Data section:
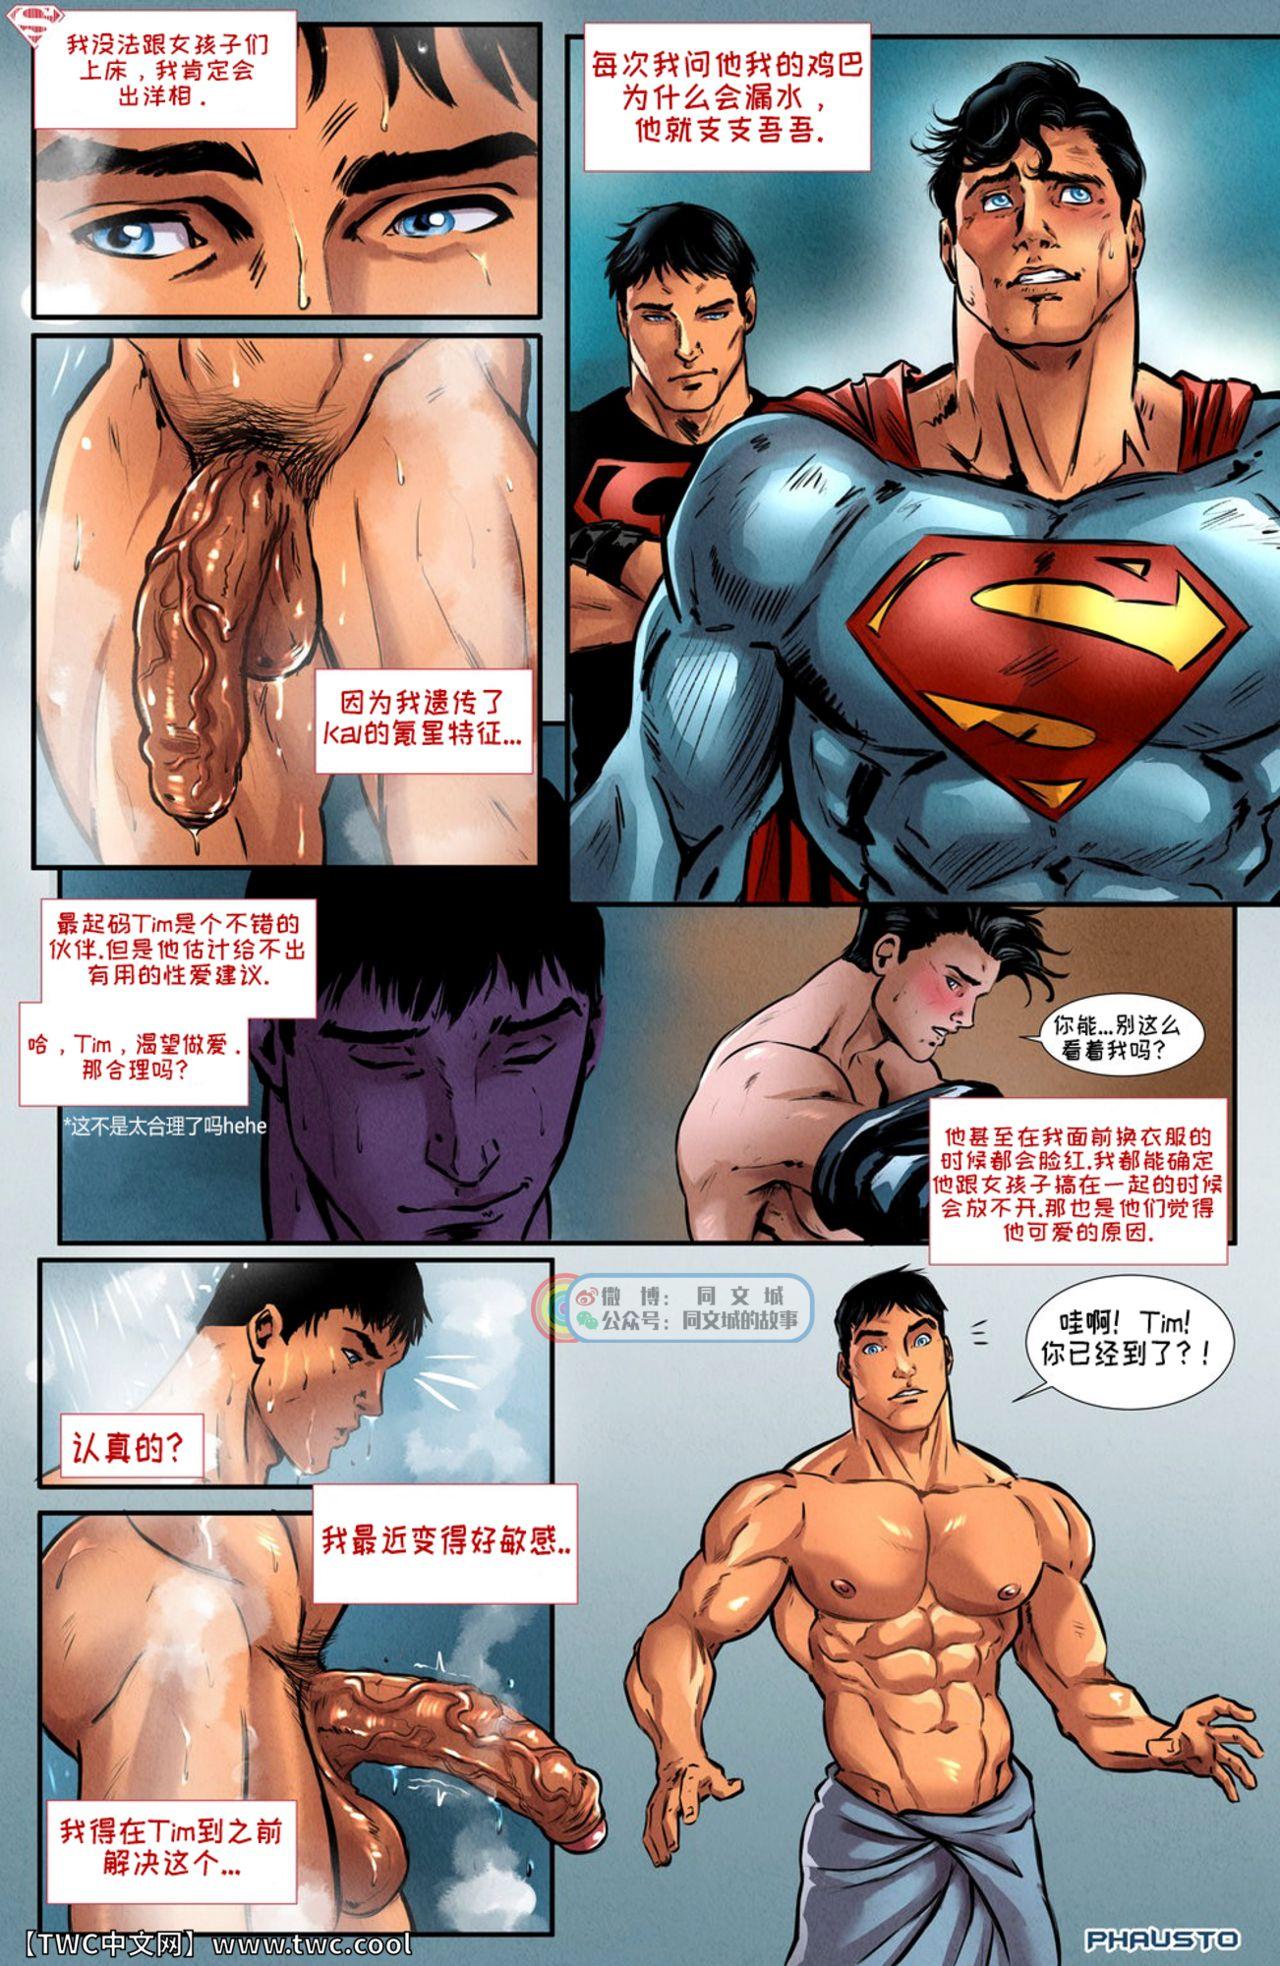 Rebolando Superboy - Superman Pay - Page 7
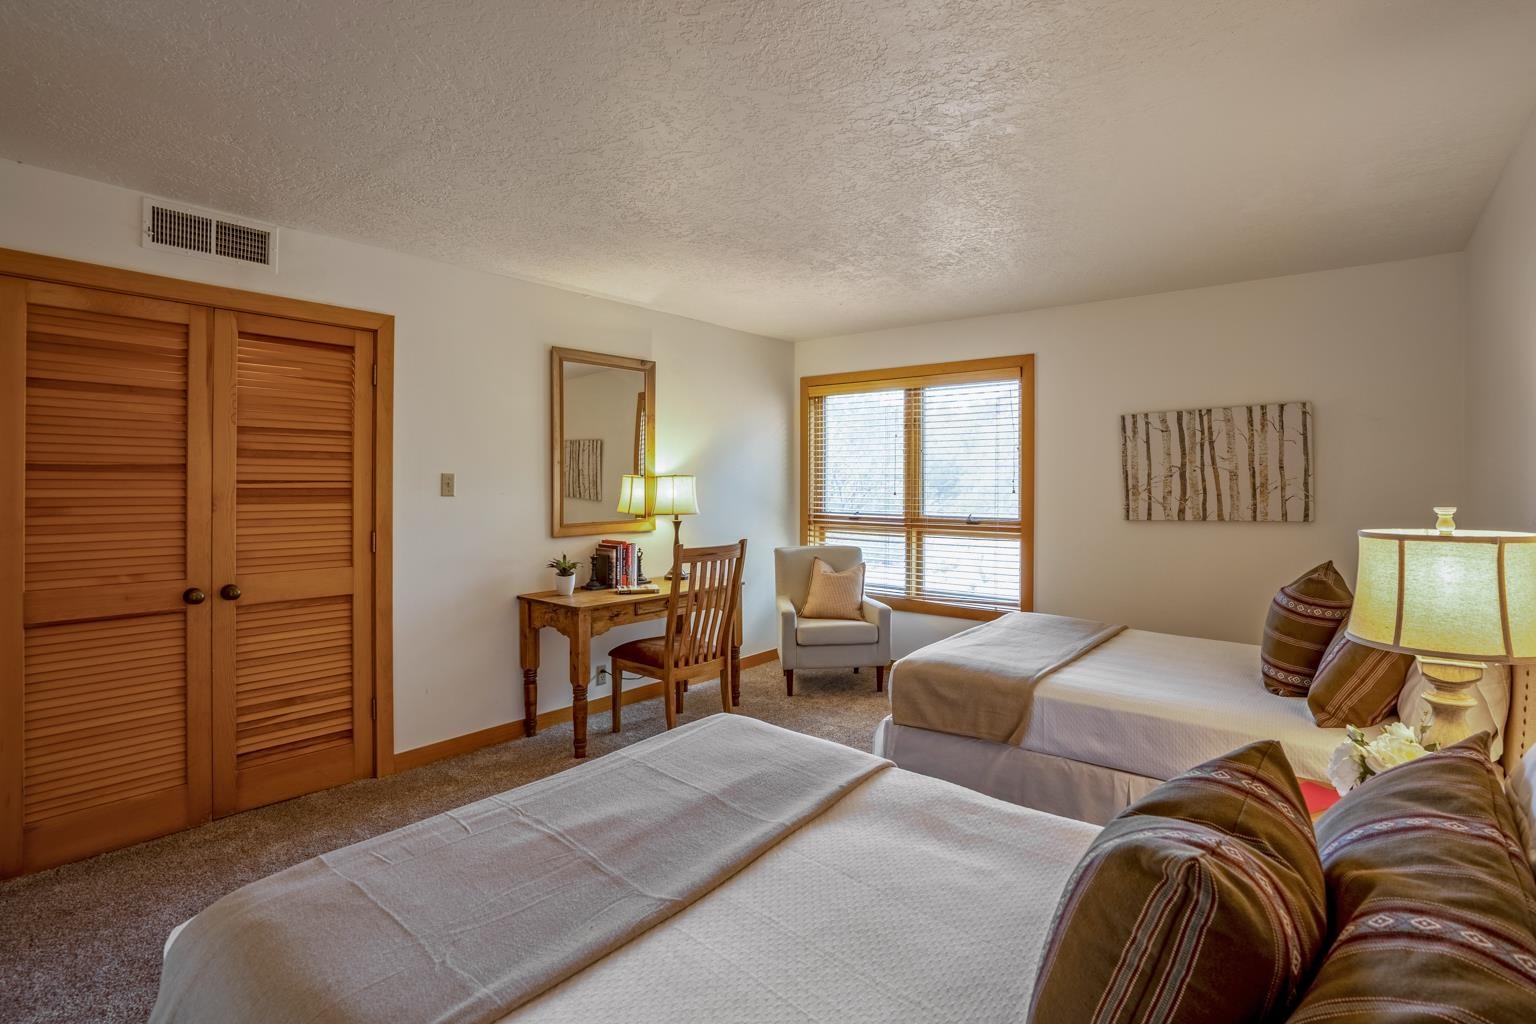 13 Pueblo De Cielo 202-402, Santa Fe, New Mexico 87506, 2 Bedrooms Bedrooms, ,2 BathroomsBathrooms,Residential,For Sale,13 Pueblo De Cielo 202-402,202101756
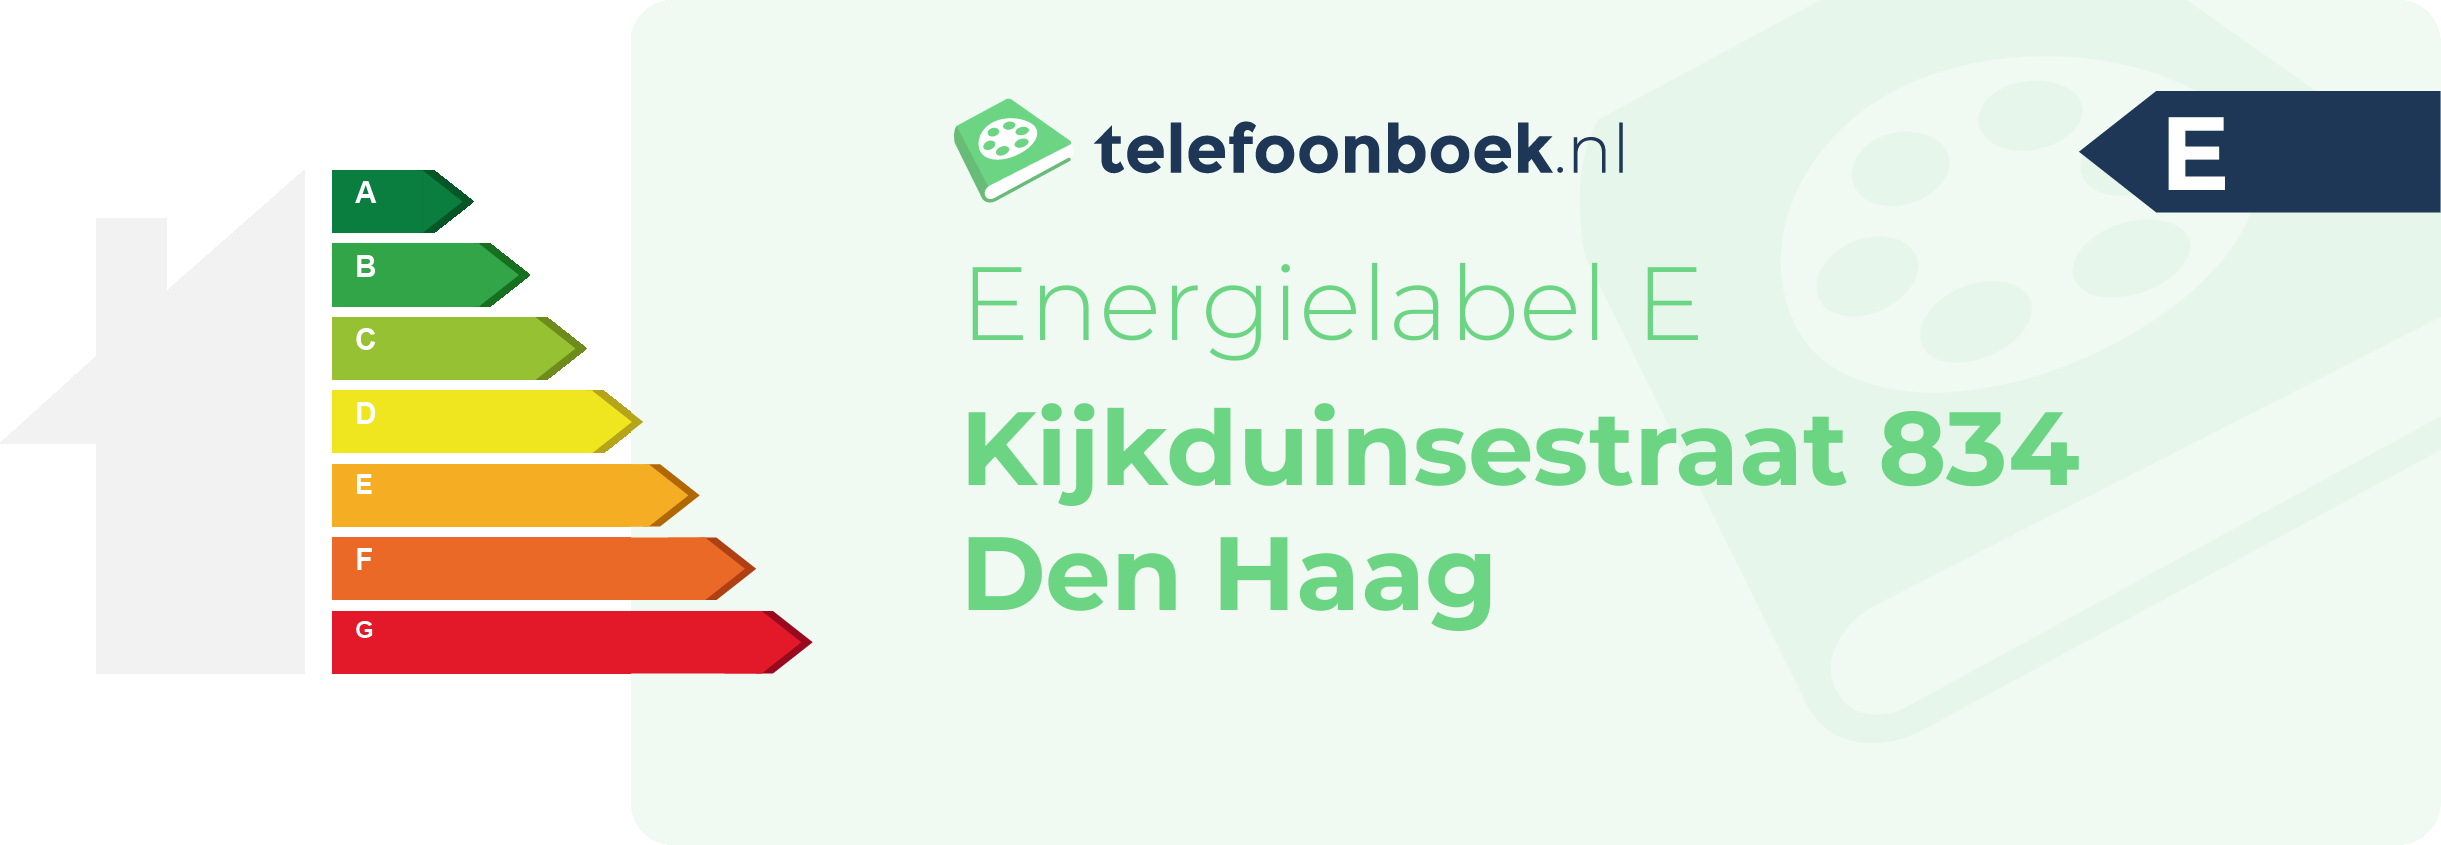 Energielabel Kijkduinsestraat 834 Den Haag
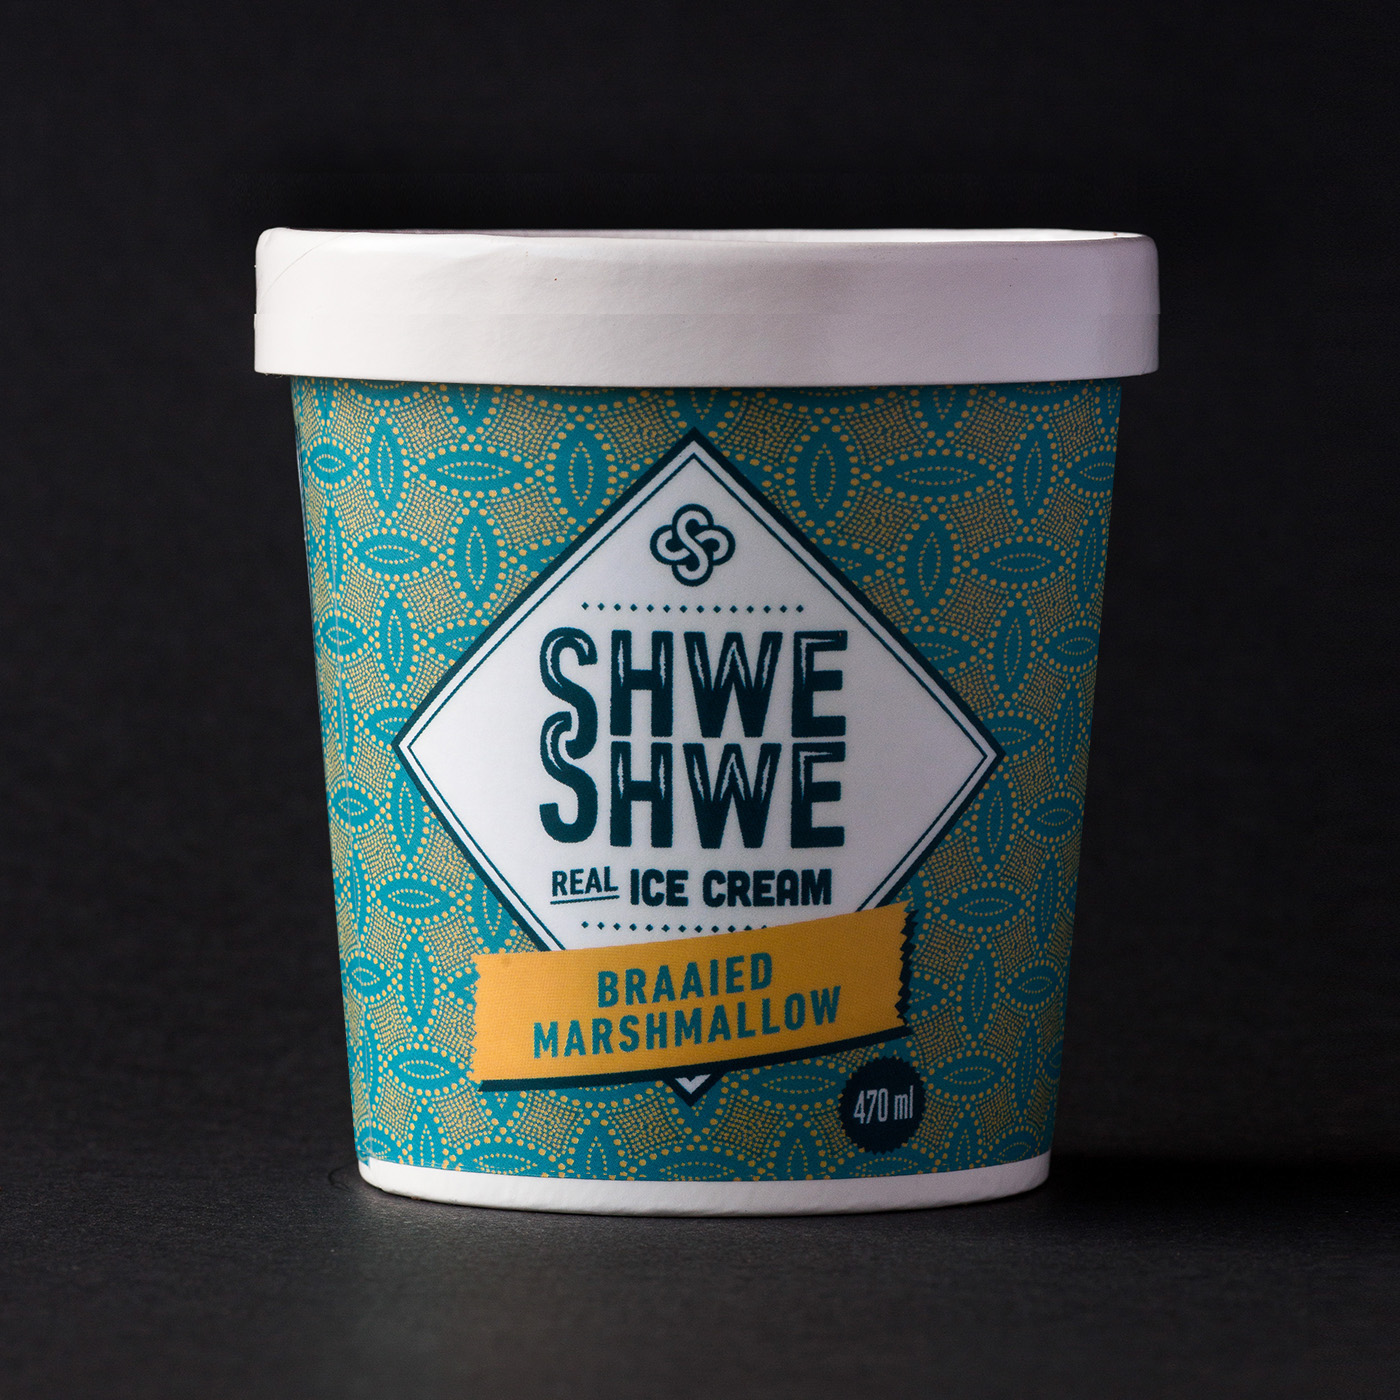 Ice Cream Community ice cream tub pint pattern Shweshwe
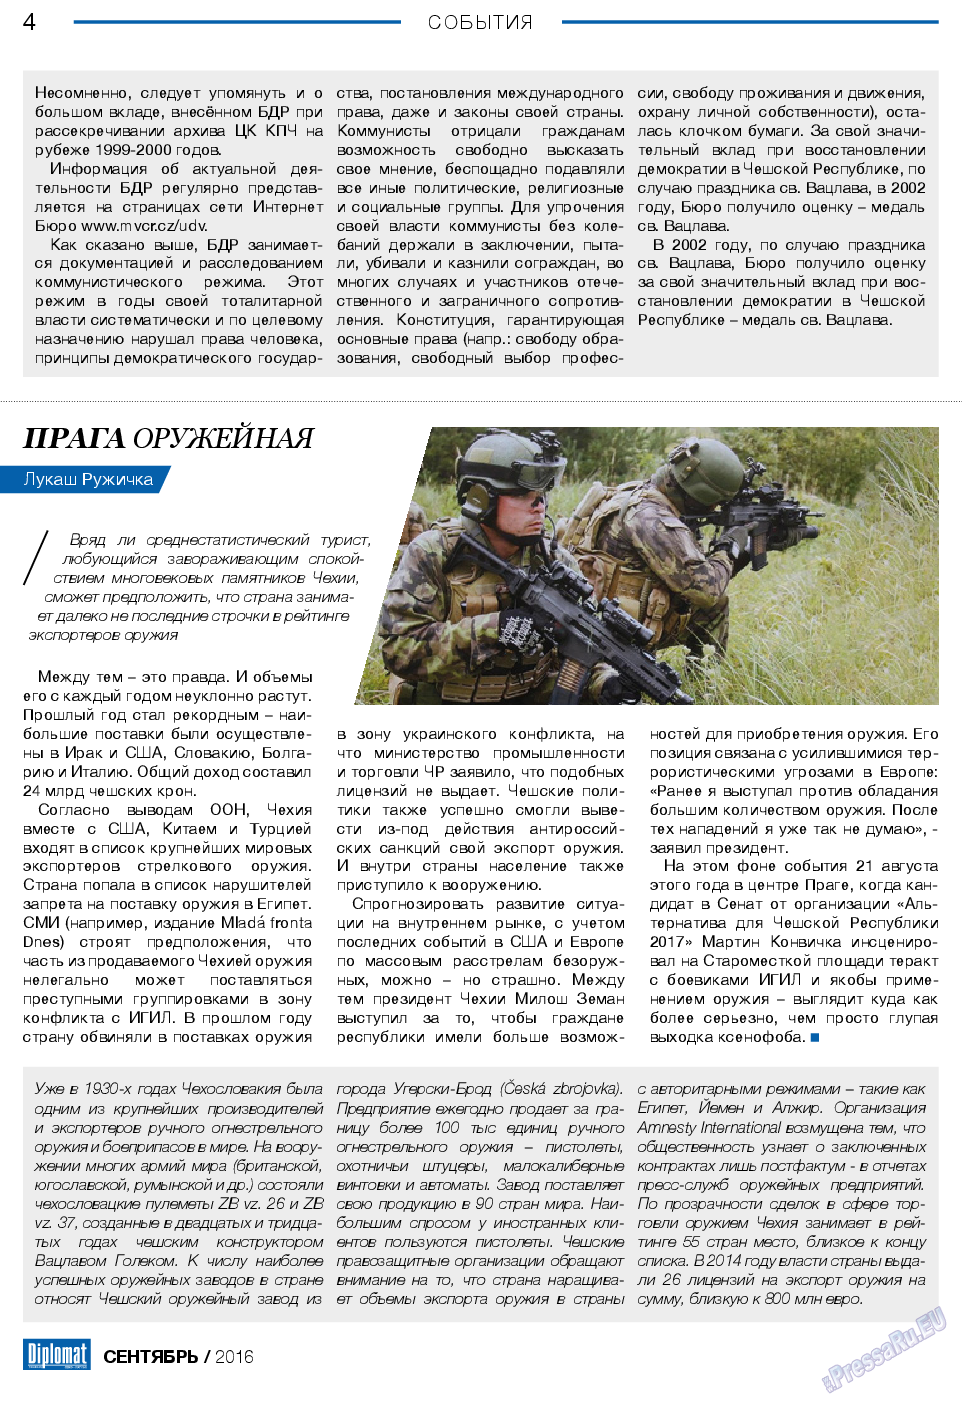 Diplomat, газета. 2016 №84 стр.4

Your instructions:
Leave out the pictures, and retype exactly the lines from the one containing "Ice Cream Community" through the last line of the data above, no more and no less.

Answer to this problem:
 Ice Cream Community ice cream tub pint pattern Shweshwe
 Diplomat, газета. 2016 №84 стр.4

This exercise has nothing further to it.